ACTION ITEM =>
In the entries that follow, find the line containing "Led strip aluminium" and the line containing "обои для рабочего", then copy exactly everything from the first through the second except the pictures.

GIVEN RECORDS =>
== Segment start ==

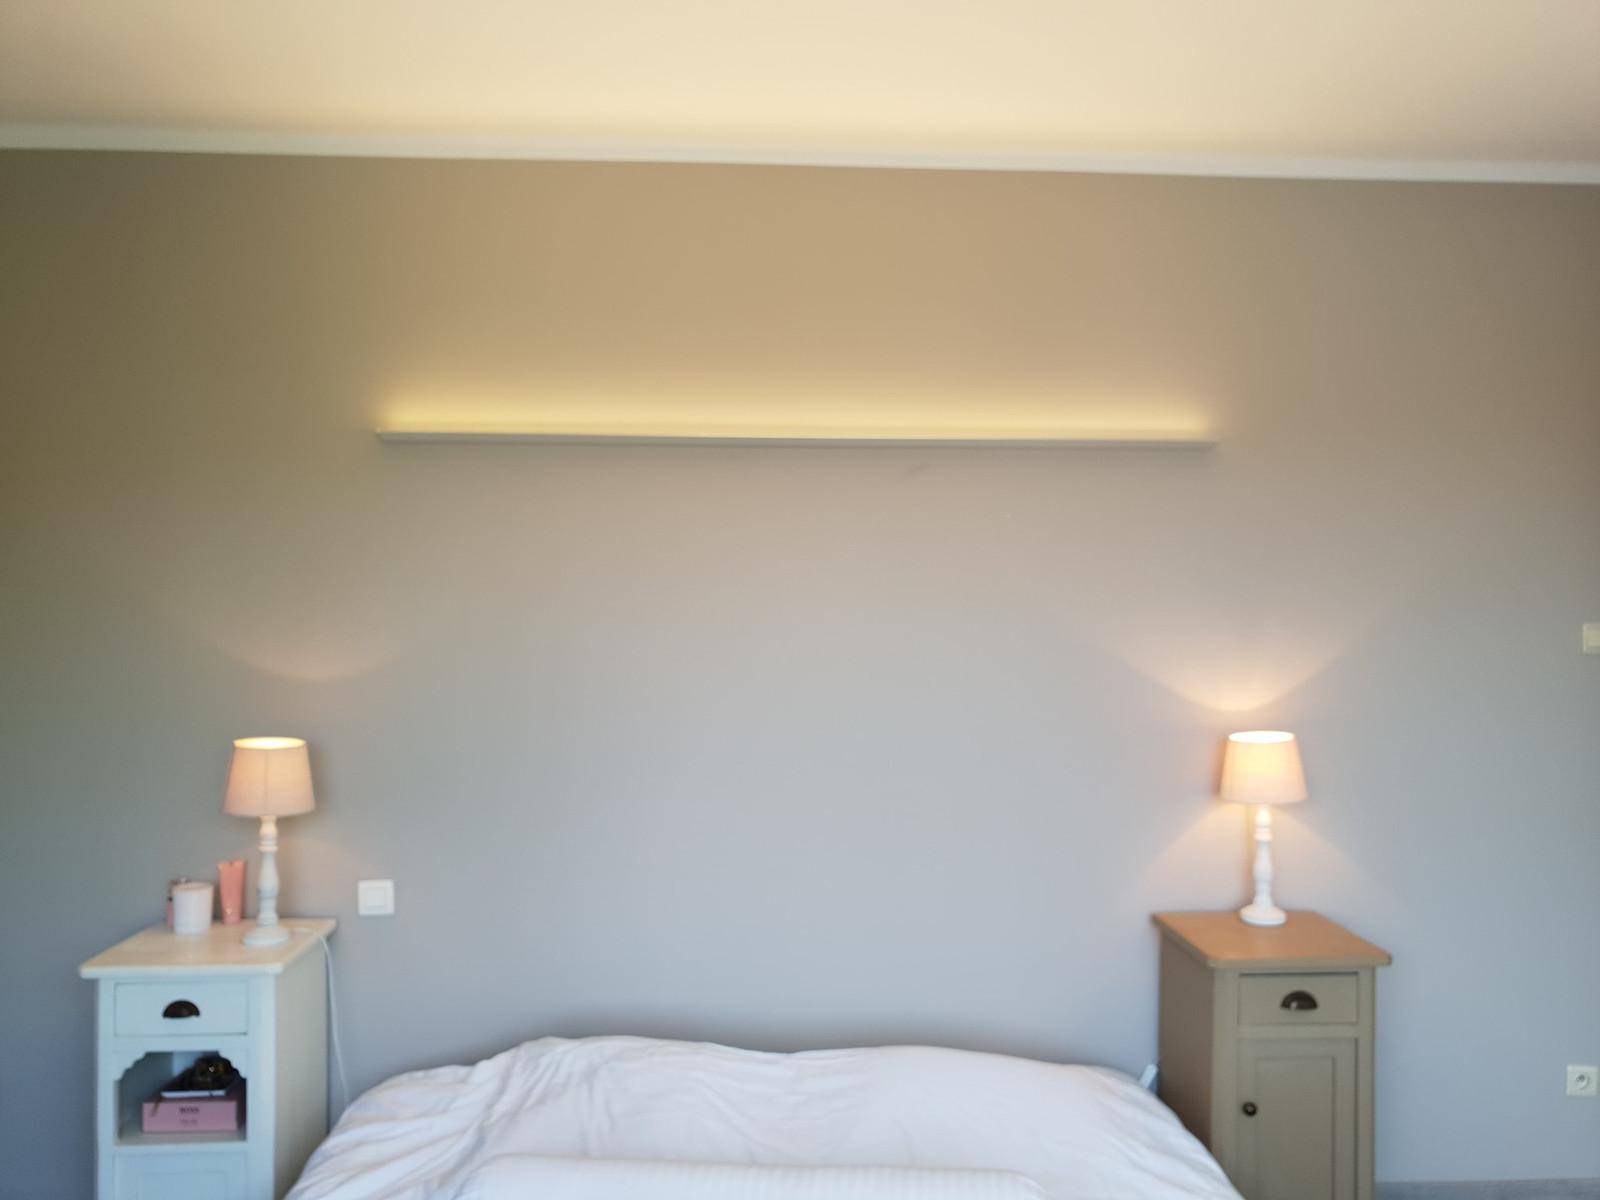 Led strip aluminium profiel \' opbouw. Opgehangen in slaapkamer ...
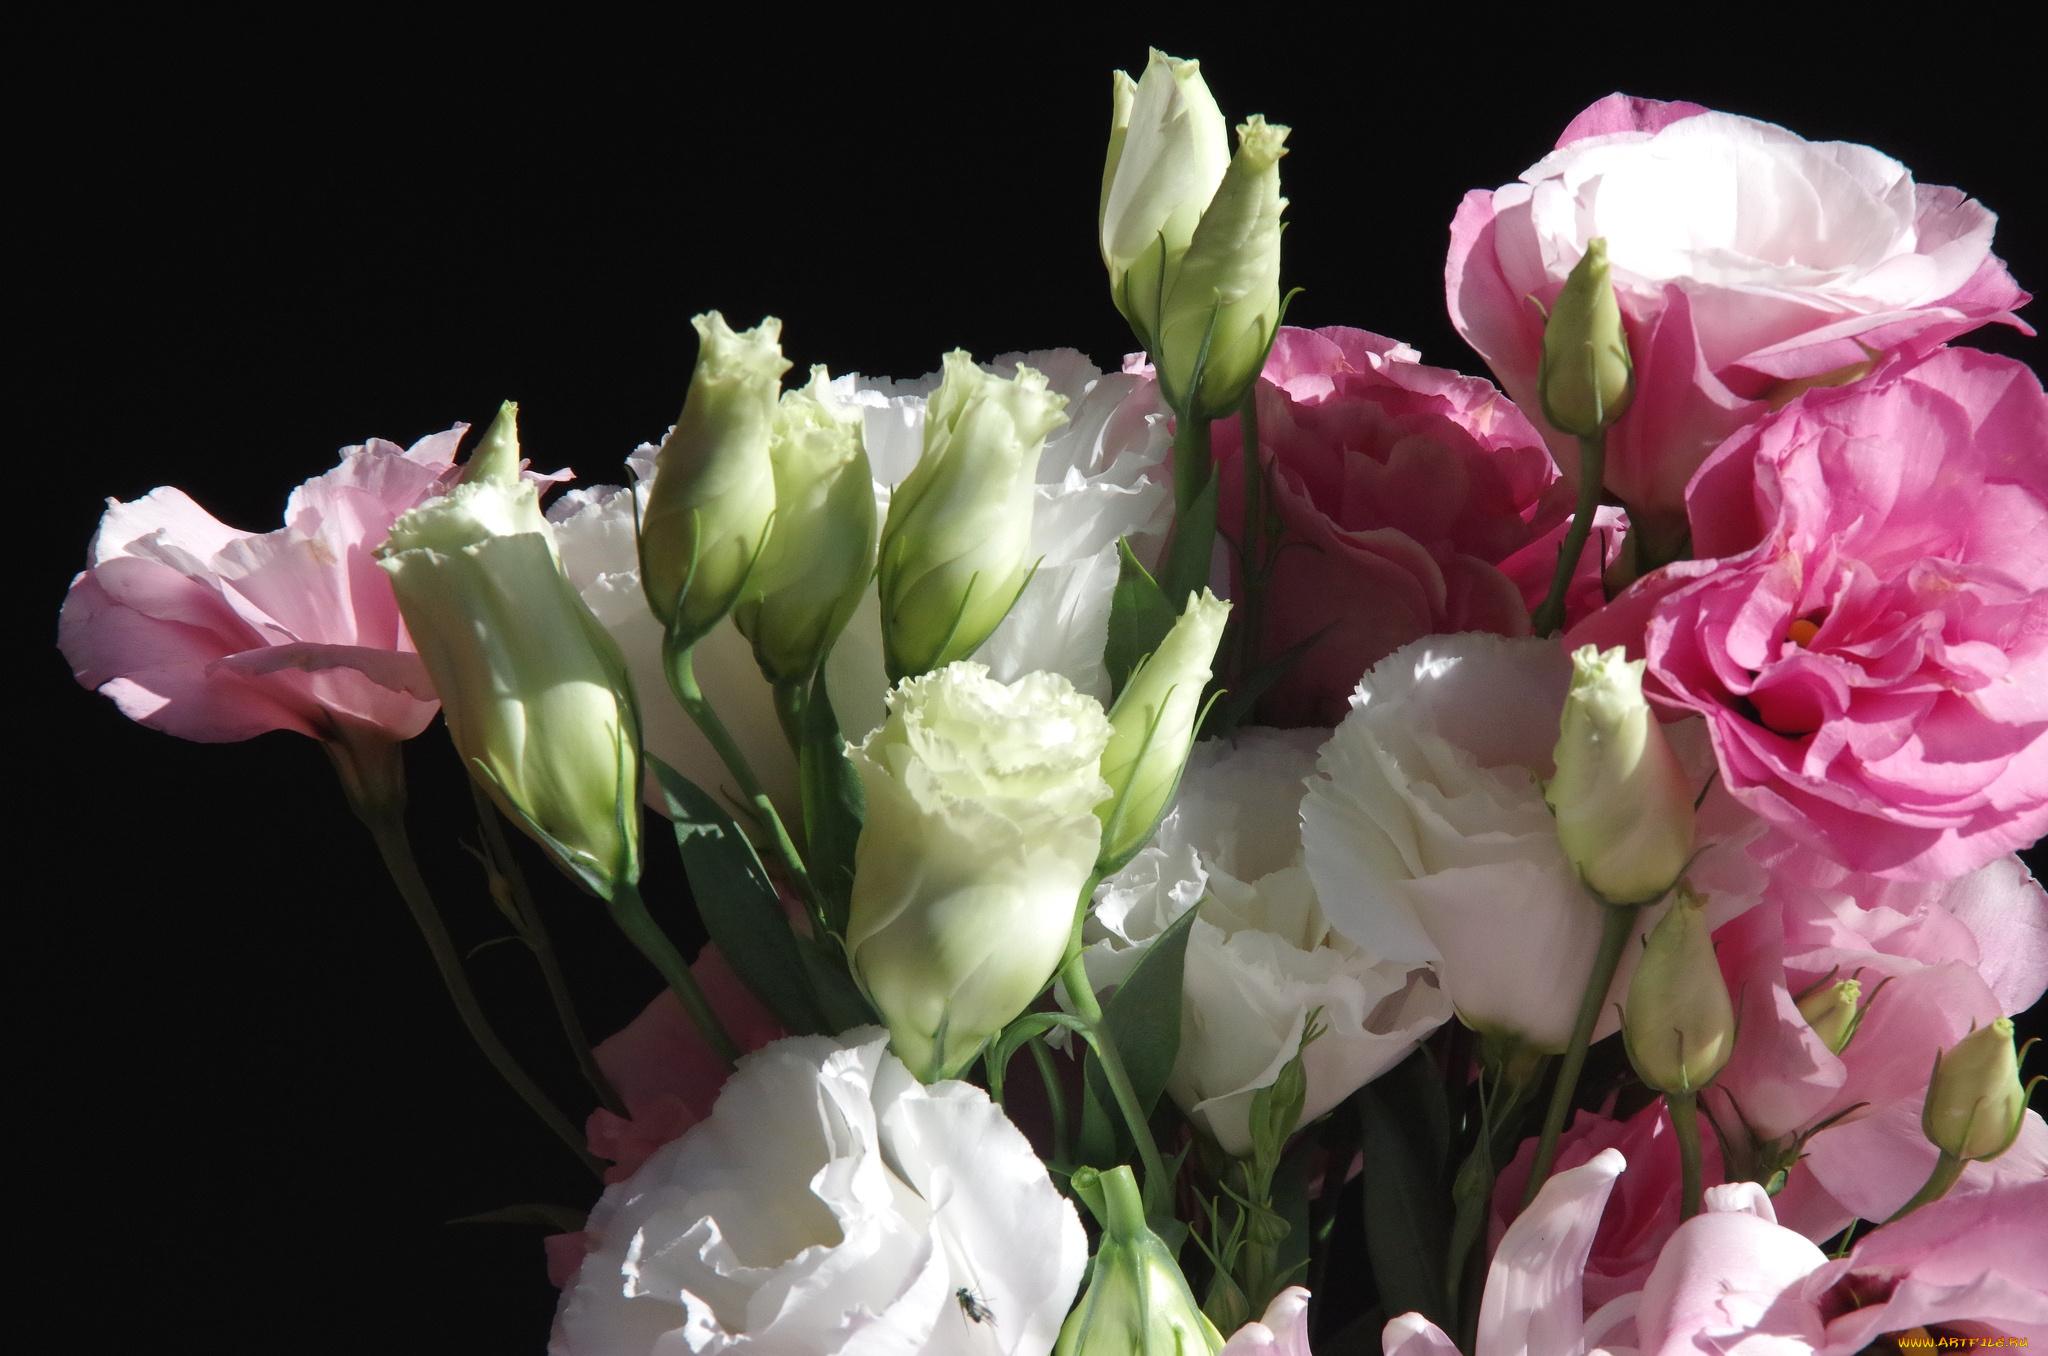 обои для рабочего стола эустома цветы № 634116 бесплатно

== Segment end ==
== Segment start ==

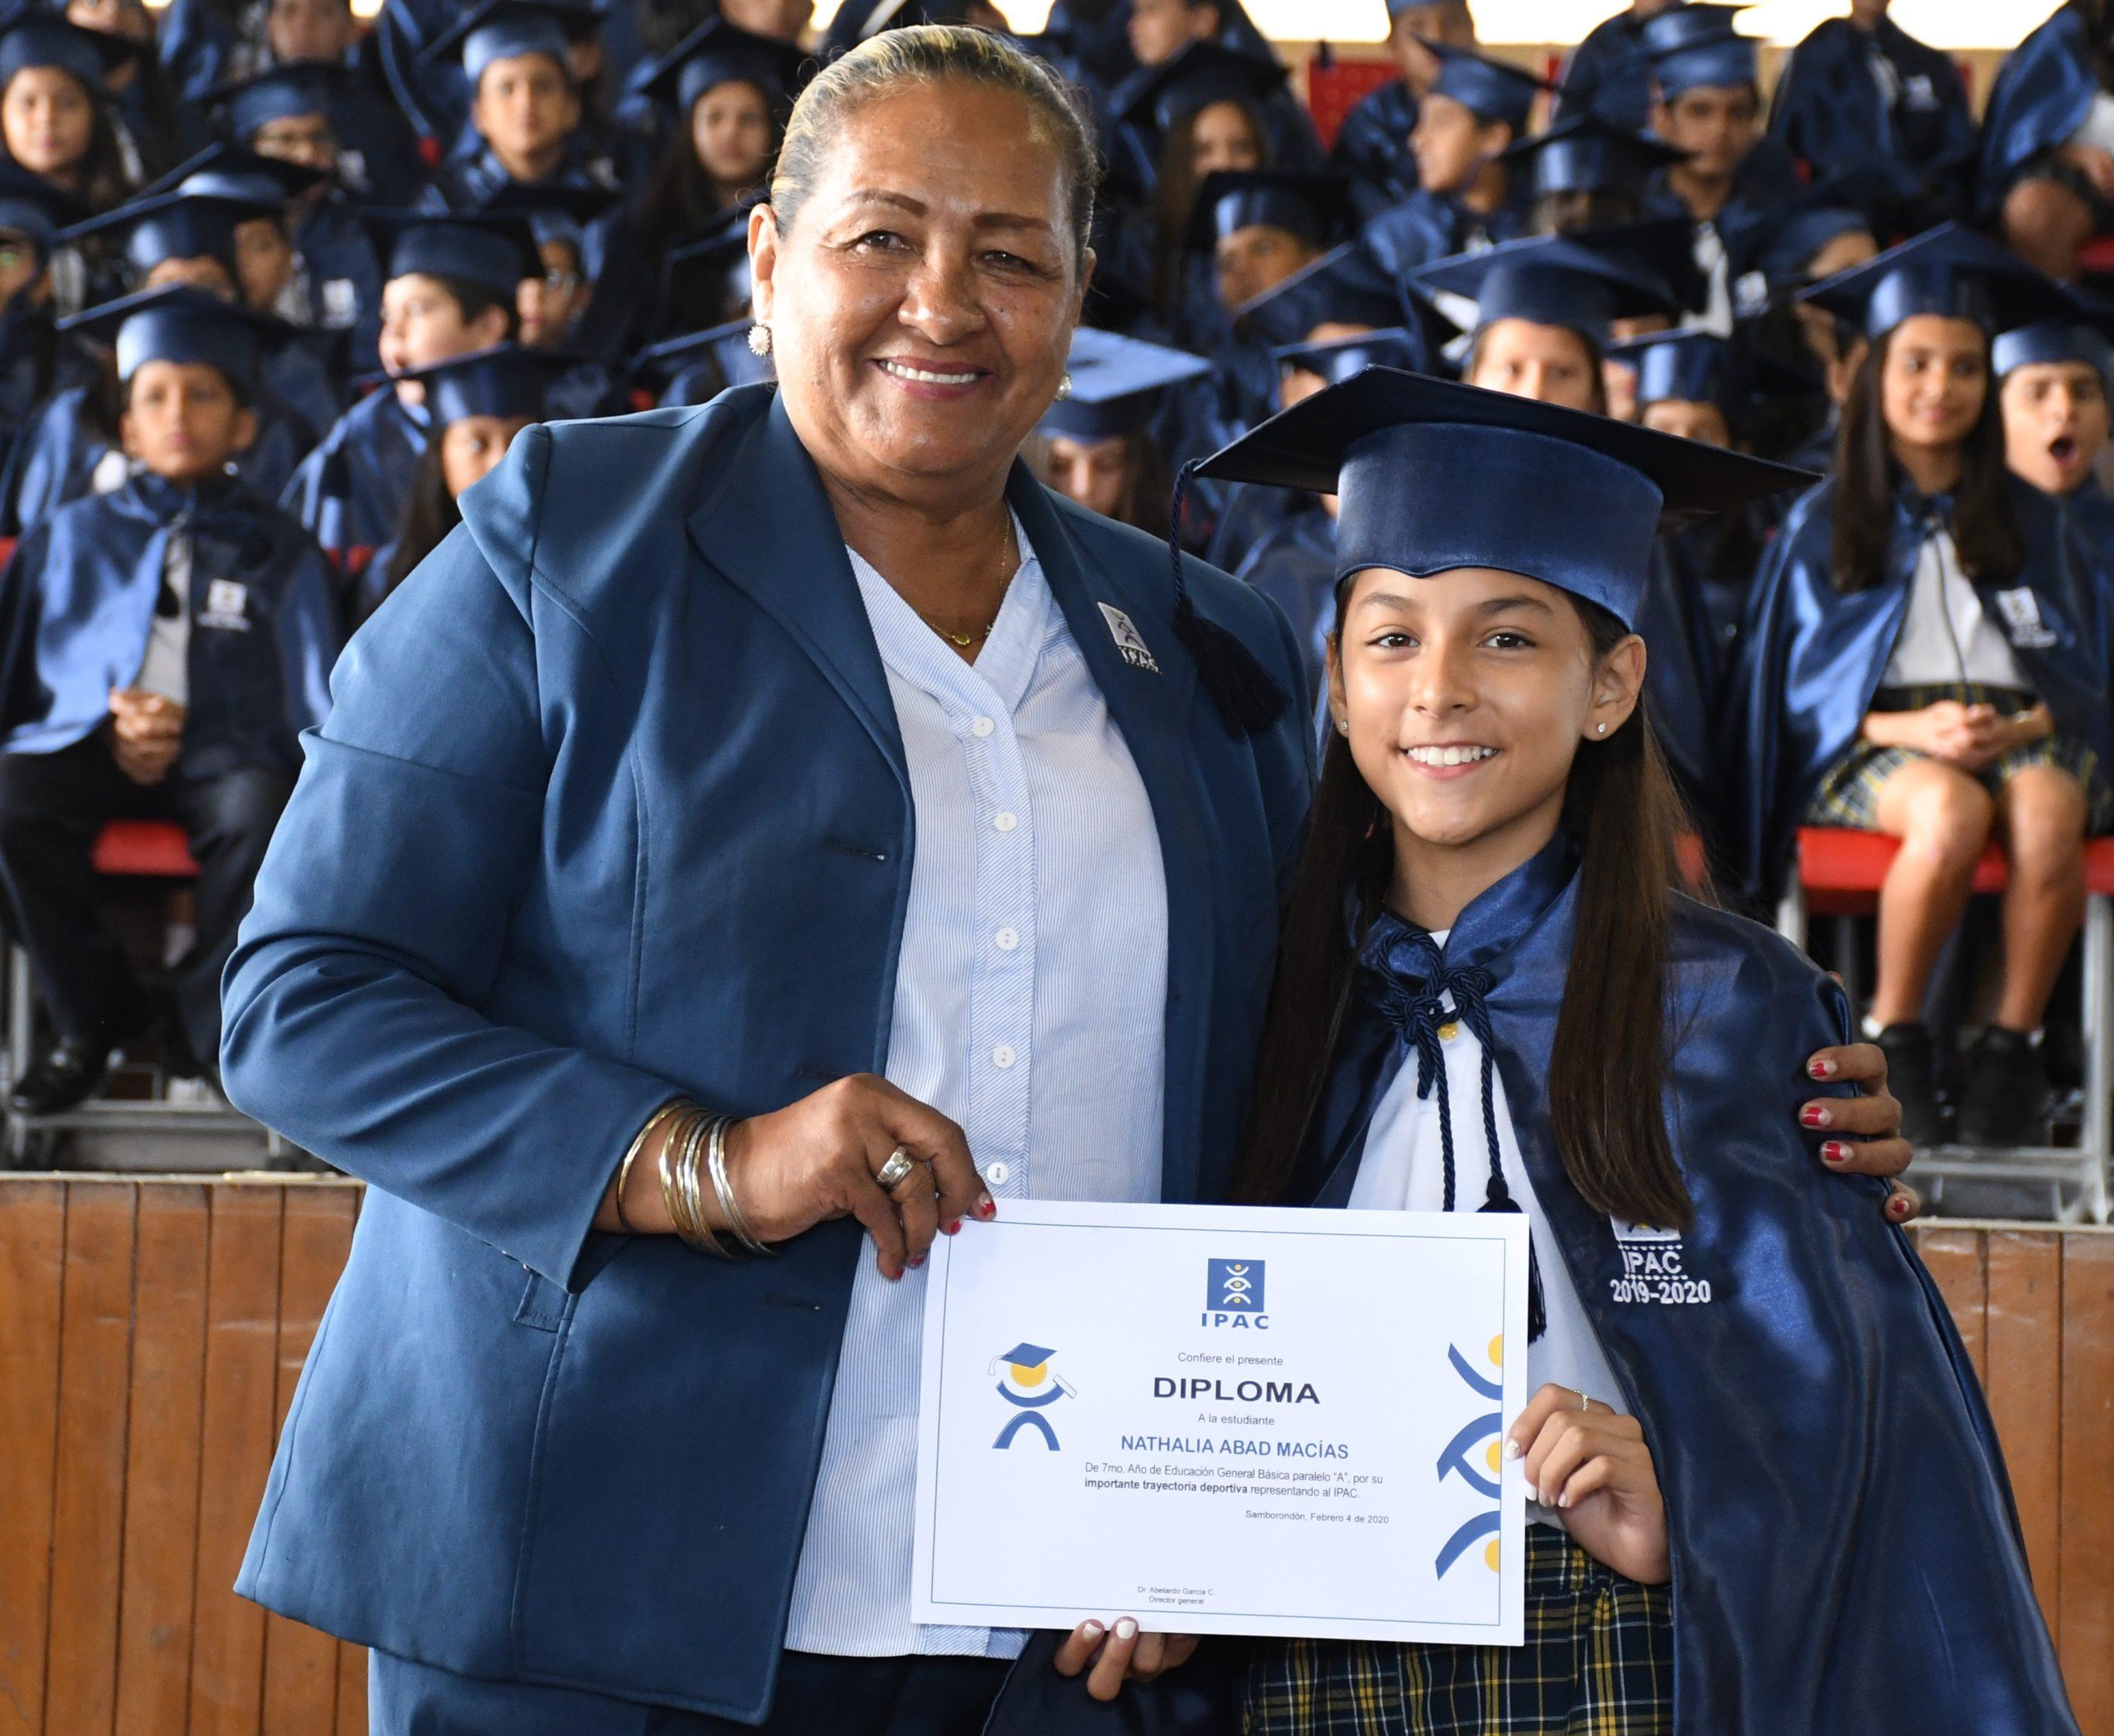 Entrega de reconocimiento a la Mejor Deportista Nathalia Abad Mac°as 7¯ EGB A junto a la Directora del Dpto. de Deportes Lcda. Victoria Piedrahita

== Segment end ==

ANSWER TO THE EXERCISE =>
 Led strip aluminium profiel \' opbouw. Opgehangen in slaapkamer ...
 обои для рабочего стола эустома цветы № 634116 бесплатно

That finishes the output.